The average loss for senior financial fraud victims is between $12,500 and $25,000.  But there’s no need for YOU to become a part of that statistic.  Prepare yourself with information and learn how fraudsters operate. 

Why Are Seniors Targeted?

Several factors add up to equal an appealing target.  There are some common traits among seniors that are exploited by fraudsters. 
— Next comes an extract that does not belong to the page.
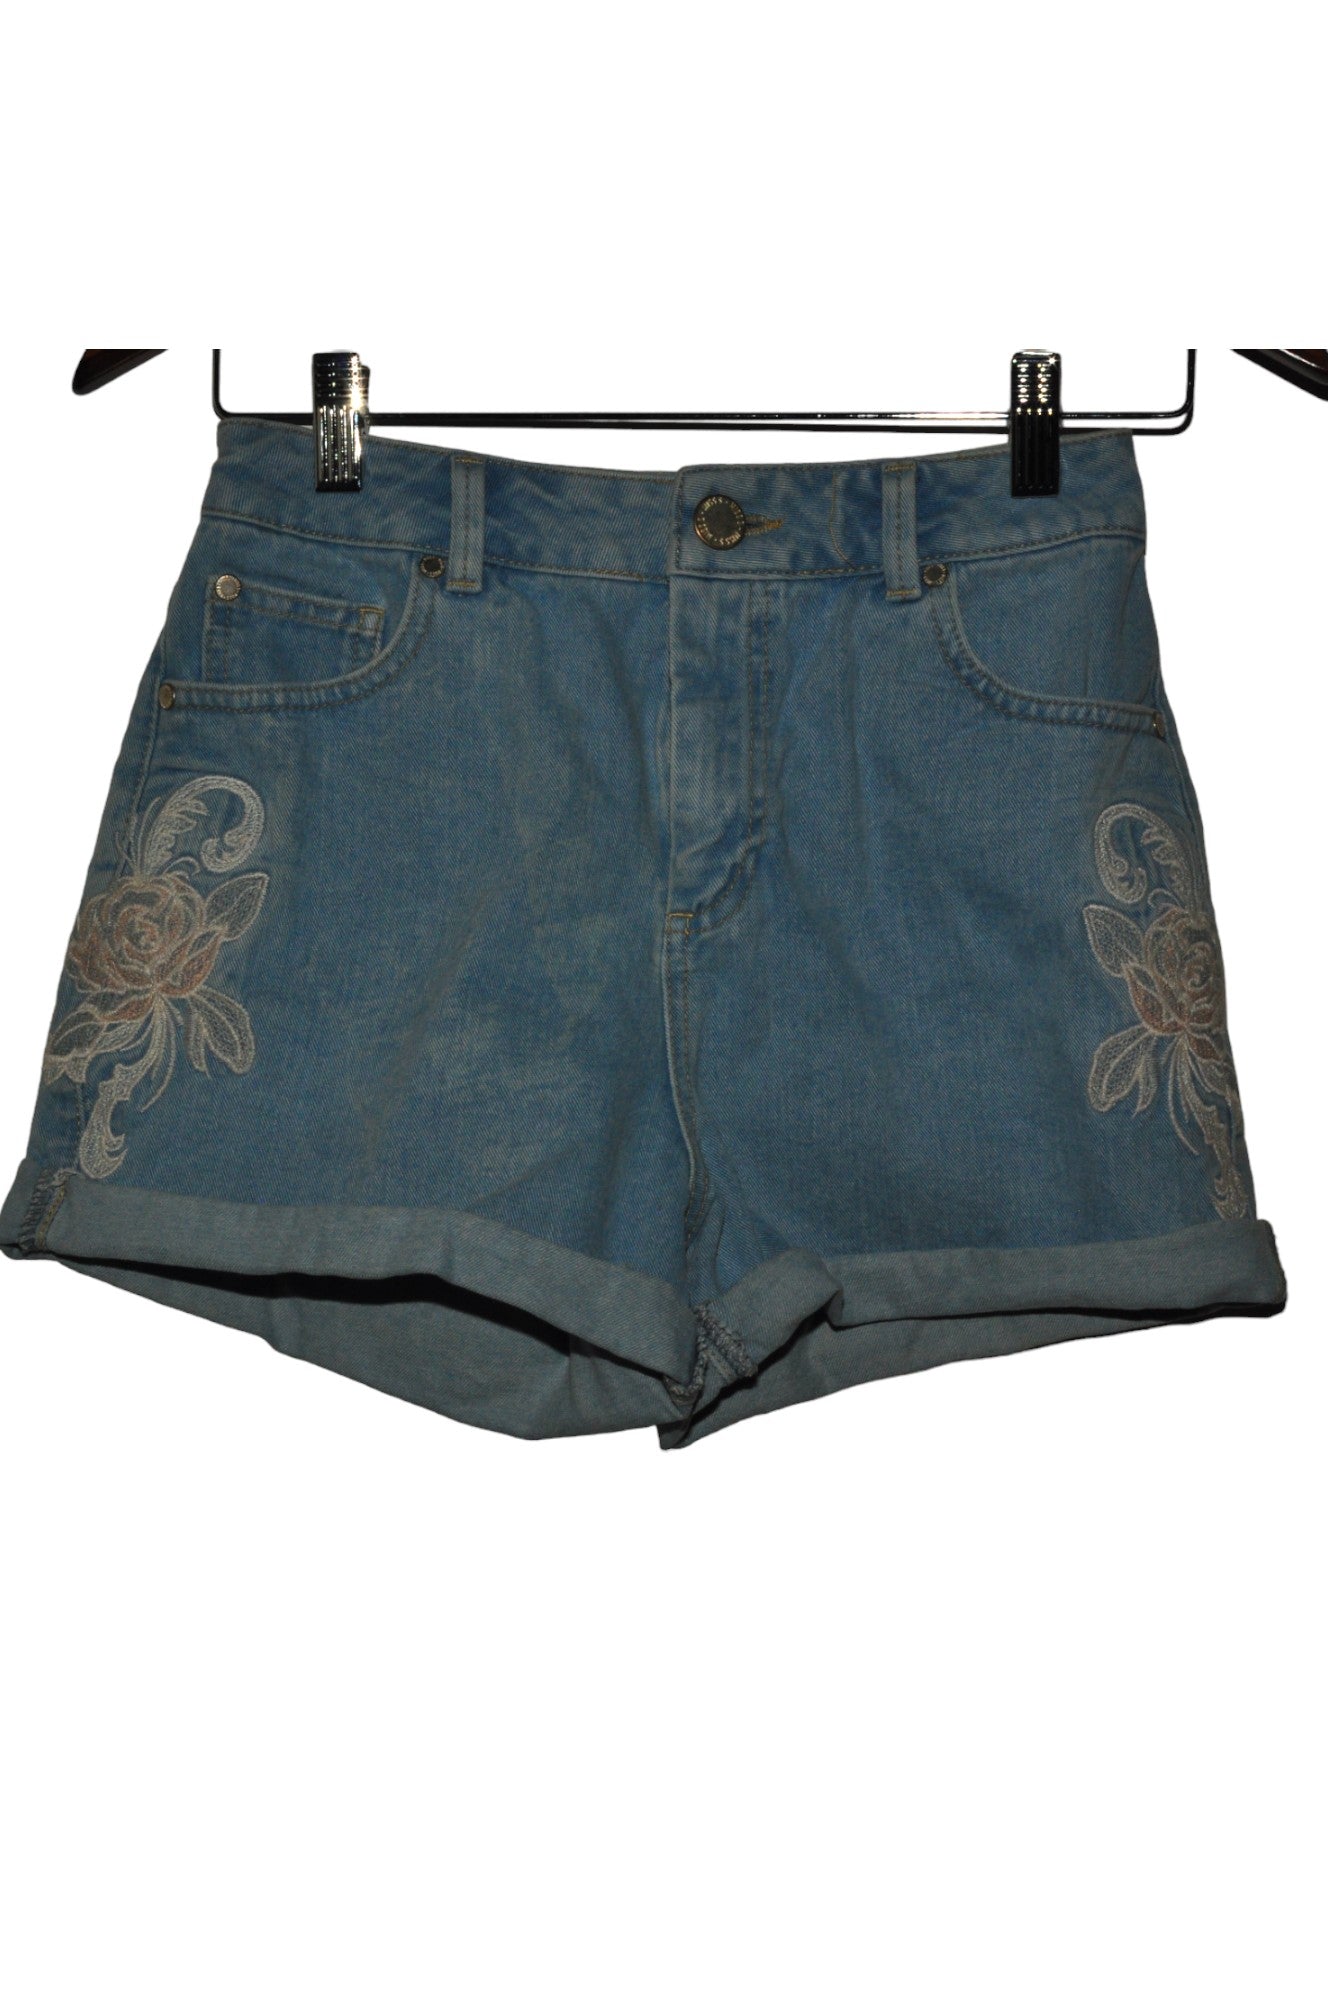 MISS SELFRIDGE Women Denim Shorts Regular fit in Blue - Size 4 | 10.49 $ KOOP

  • Trust: Seniors grew up in a different generation. Older generations tend to be more trusting.  Also, communities were smaller then, and people knew their neighbors.  Some seniors come from towns where folks didn’t lock their doors.
  • Manners: Again, this is a generational issue. Etiquette is changing.  While younger people are fine with telling someone to leave them alone, a senior citizen may feel it’s rude to hang up when they receive an unsolicited call. 
  • Isolation: Many seniors, especially widows, are socially isolated and possibly depressed. A fraudster who offers companionship has a better chance at manipulating seniors. 
  • Interest: If a senior made bad financial decisions in the past and is now worried about the future, he or she could be looking for good deals. The promise of high returns with low risk is too tempting to pass up.

Cognitive Impairment

There’s one more critical concern facing some senior investors: cognitive impairment. There is a neurobiological basis for some seniors’ vulnerability to financial exploitation.  According to an article published in the Journal of the American Society on Aging in the summer of 2012, “of the 25 million people in the United States in 2008, ages 71 and older, 35 percent had some form of cognitive impairment or dementia.”  While it’s easy enough to see how dementia could lead to poor decision making with money, even people with mild cognitive impairment are at risk.  Research by Daniel Marson, J.D., Ph.D., Professor of Neurology at the University of Alabama at Birmingham, found people with mild cognitive impairment make FOUR TIMES the financial errors as those without the condition. 

Financial exploitation of seniors is about more than money.  It’s a health concern.  That’s why the Elder Investment Fraud and Financial Exploitation program, or EIFFE, was created.  Seniors, their families, and even their medical care providers are encouraged to visit www.investorprotection.org to learn more. 

Getting Help

If you or someone you know may be a victim of senior financial exploitation, the Indiana Council Against Senior Exploitation, is a great resource to use in order to get the assistance you need. Indiana MoneyWise and the Indiana Secretary of State’s office are founding members of IN-CASE. IN-CASE is a statewide collaboration between dozens of organizations and individuals who are dedicated to the goal of preventing and ending all forms of senior exploitation and abuse. IN-CASE members include government agencies, law enforcement, not-for-profits, medical providers, and legal providers.